# Supplied information
——————

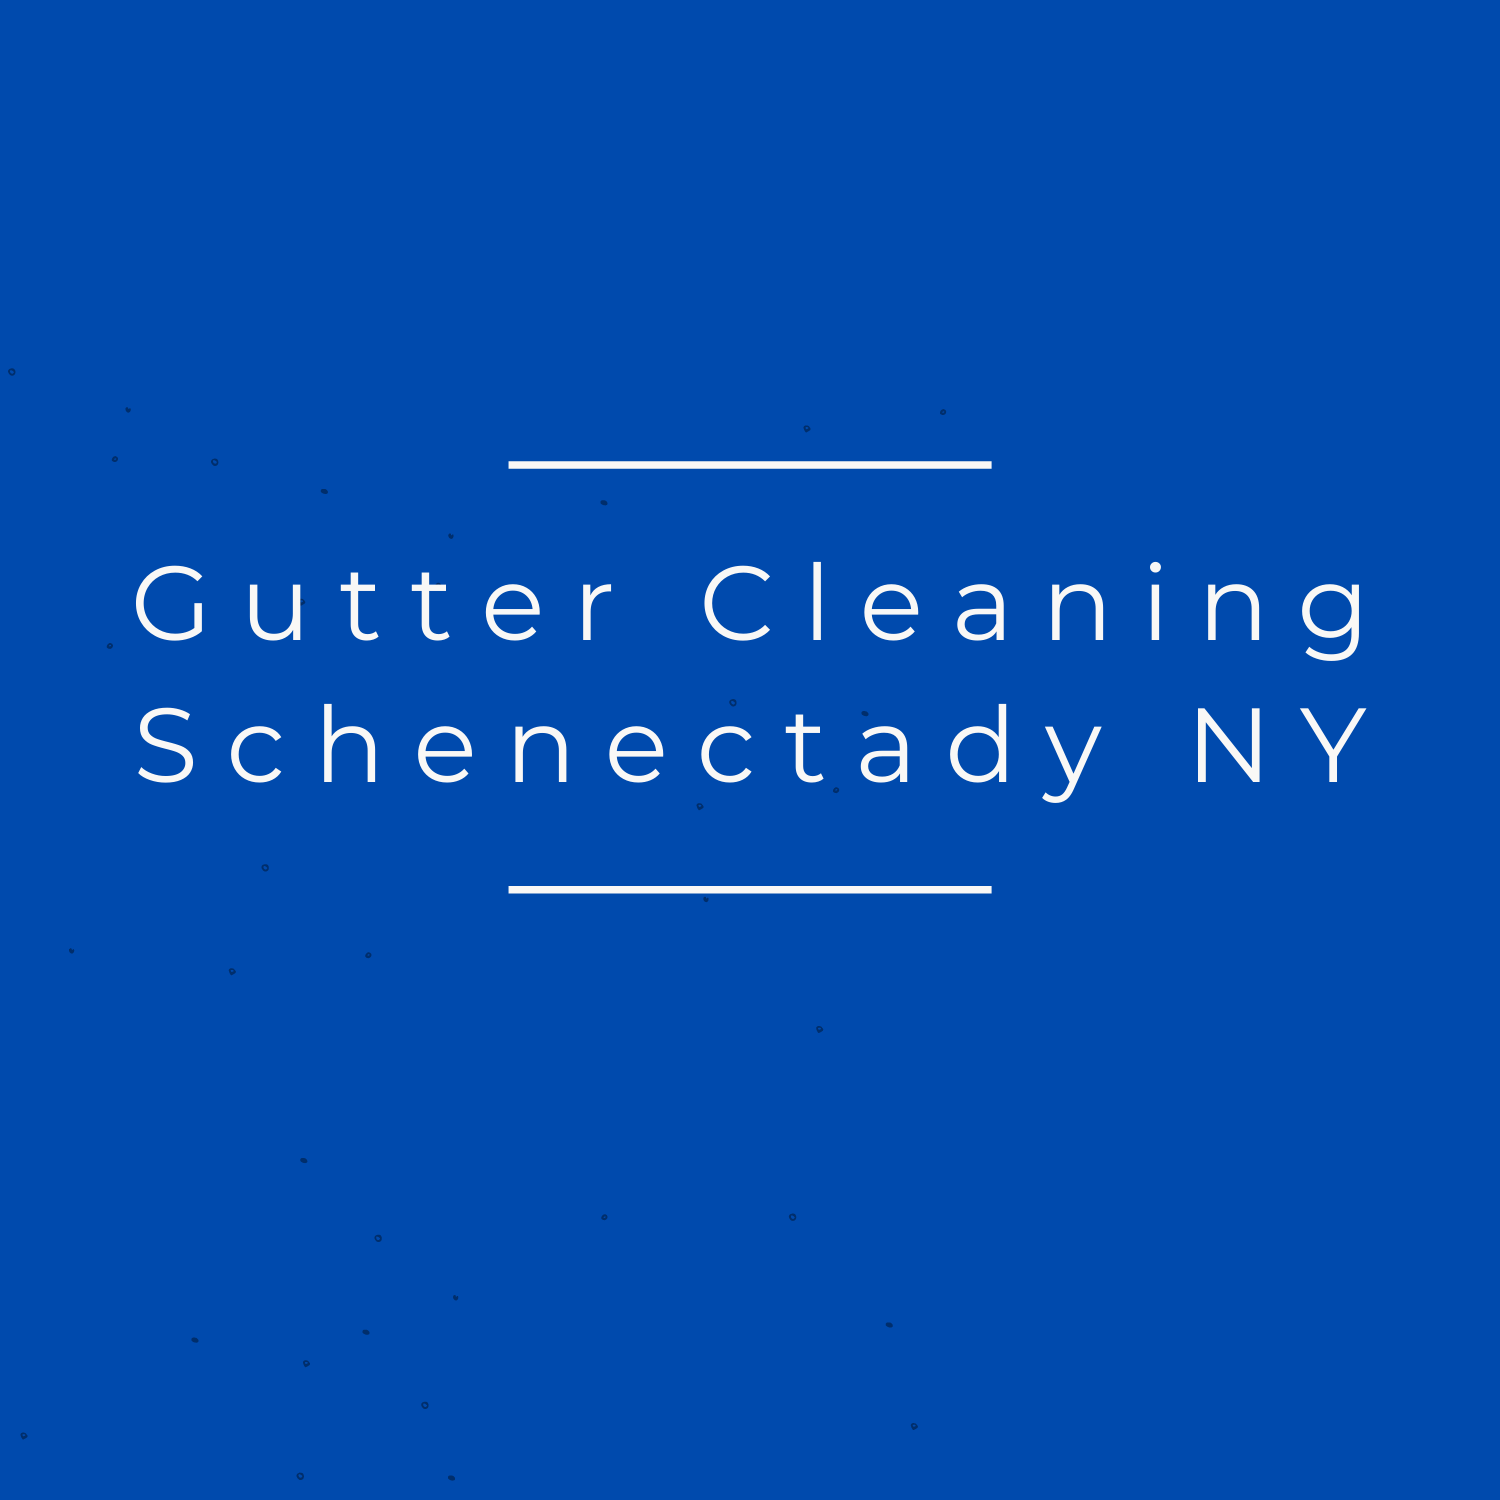 Gutter Cleaning Schenectady NY's Logo
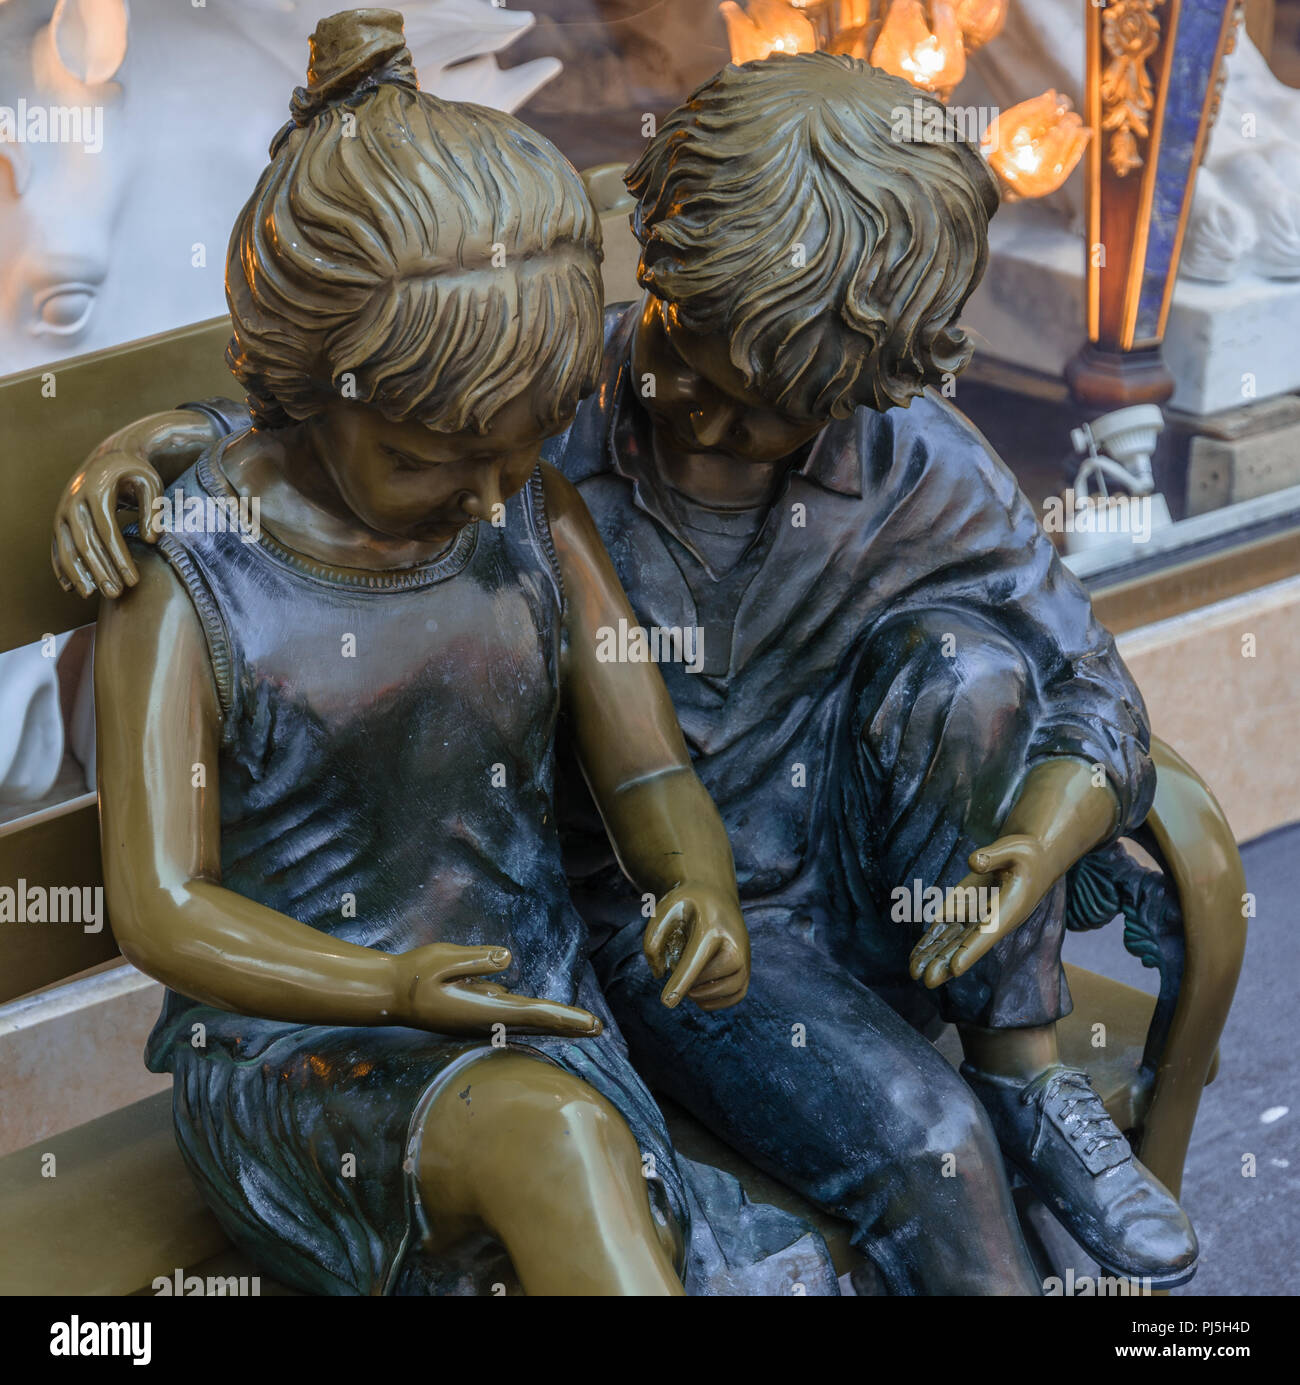 Bronze Sculpture Of Two Children Sitting On A Bench Taken In Chinatown San Francisco Stock Photo
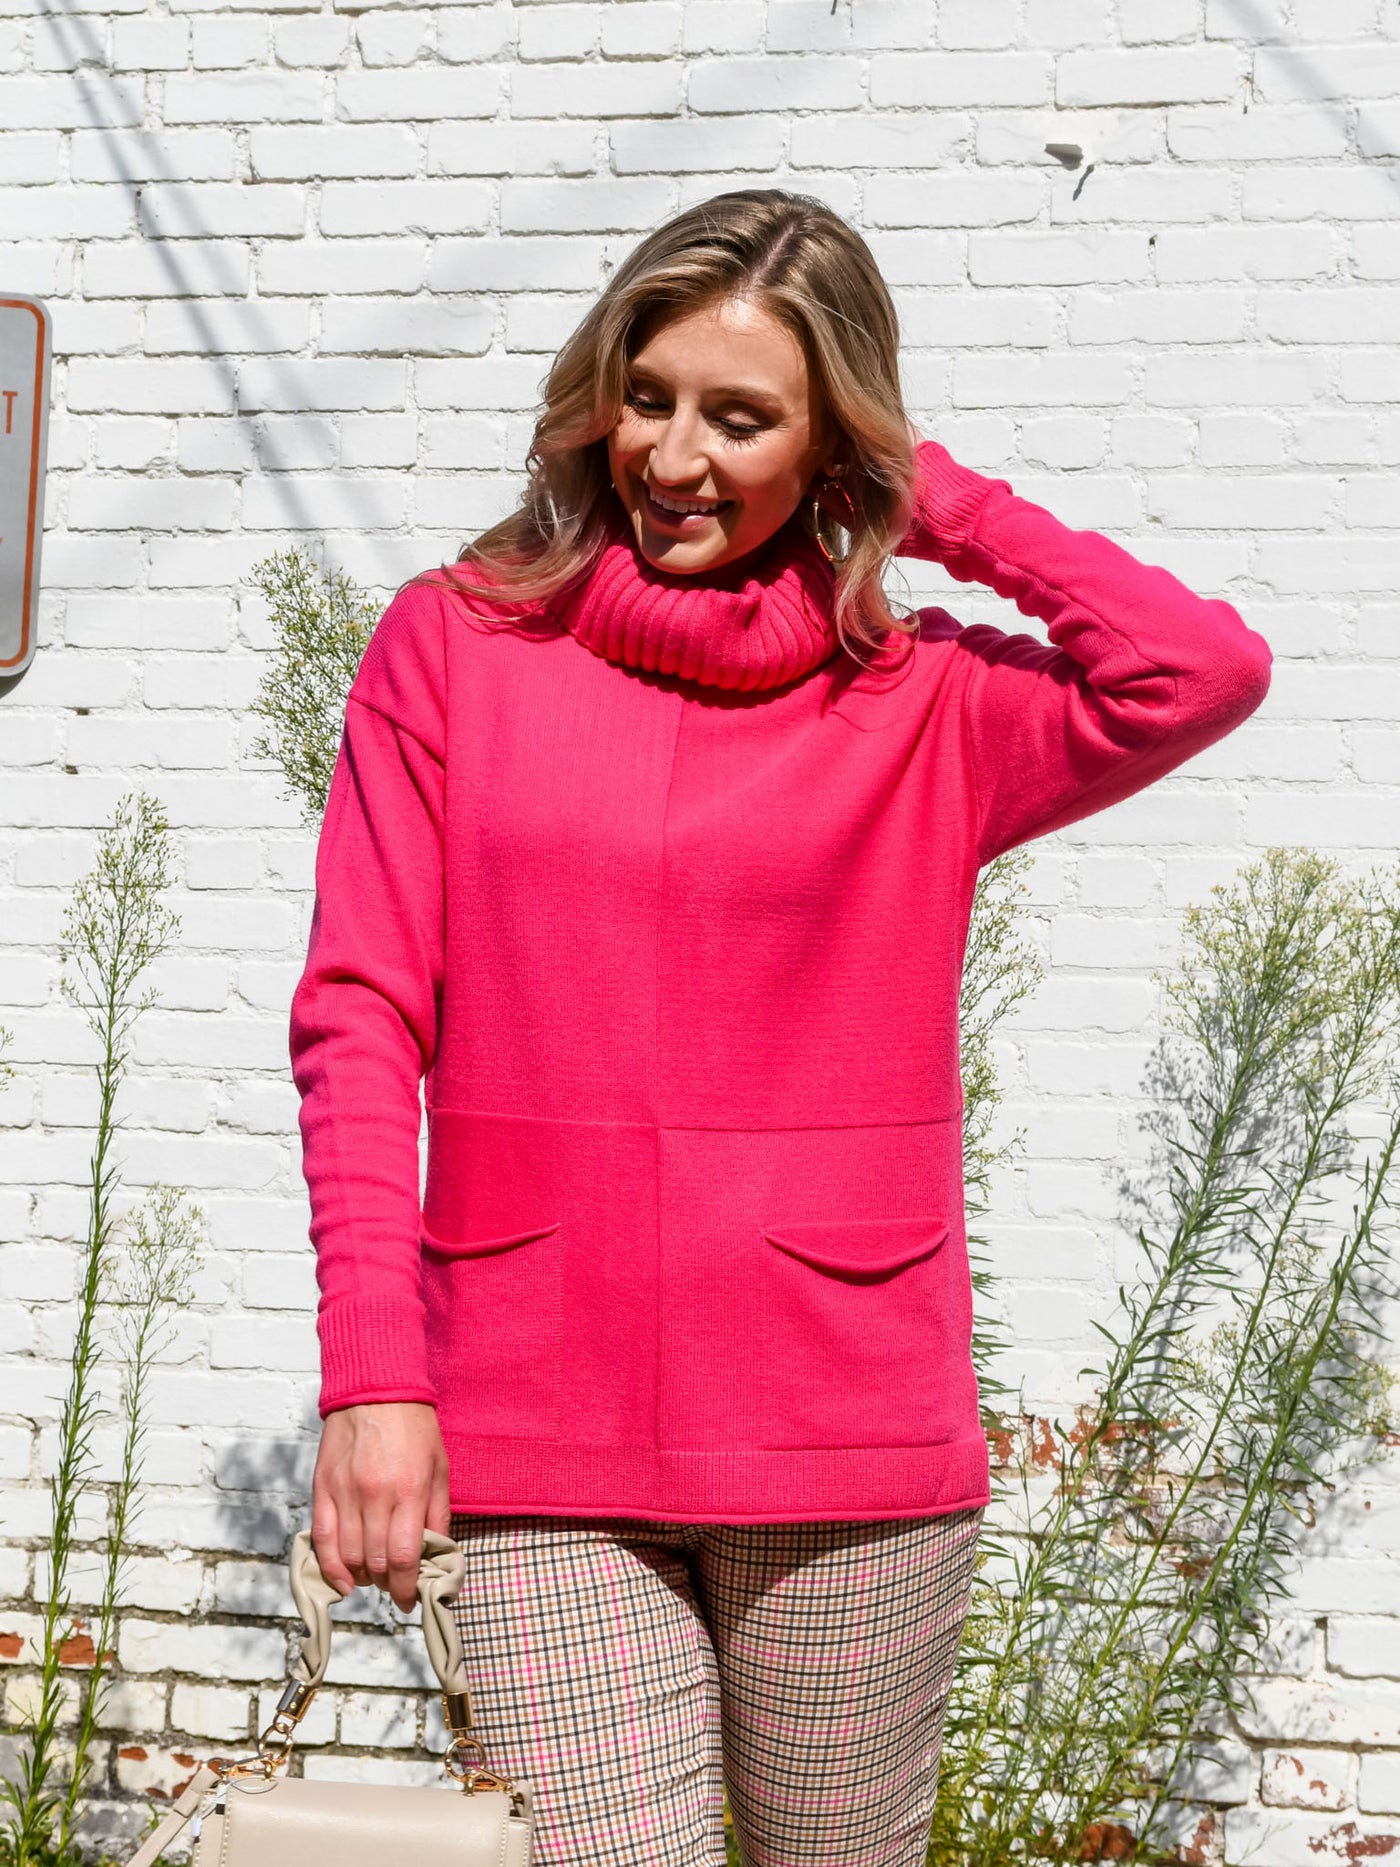 A model wearing a hot pink turtleneck sweater with seam details. The model has it paired with a pink and brown plaid trouser.

——————

# What is required
Once the images are set aside, retype all of the material above exactly.

# Expected answer
 Gutter Cleaning Schenectady NY's Logo
 Bronze Sculpture Of Two Children Sitting On A Bench Taken In Chinatown San Francisco Stock Photo
 A model wearing a hot pink turtleneck sweater with seam details. The model has it paired with a pink and brown plaid trouser.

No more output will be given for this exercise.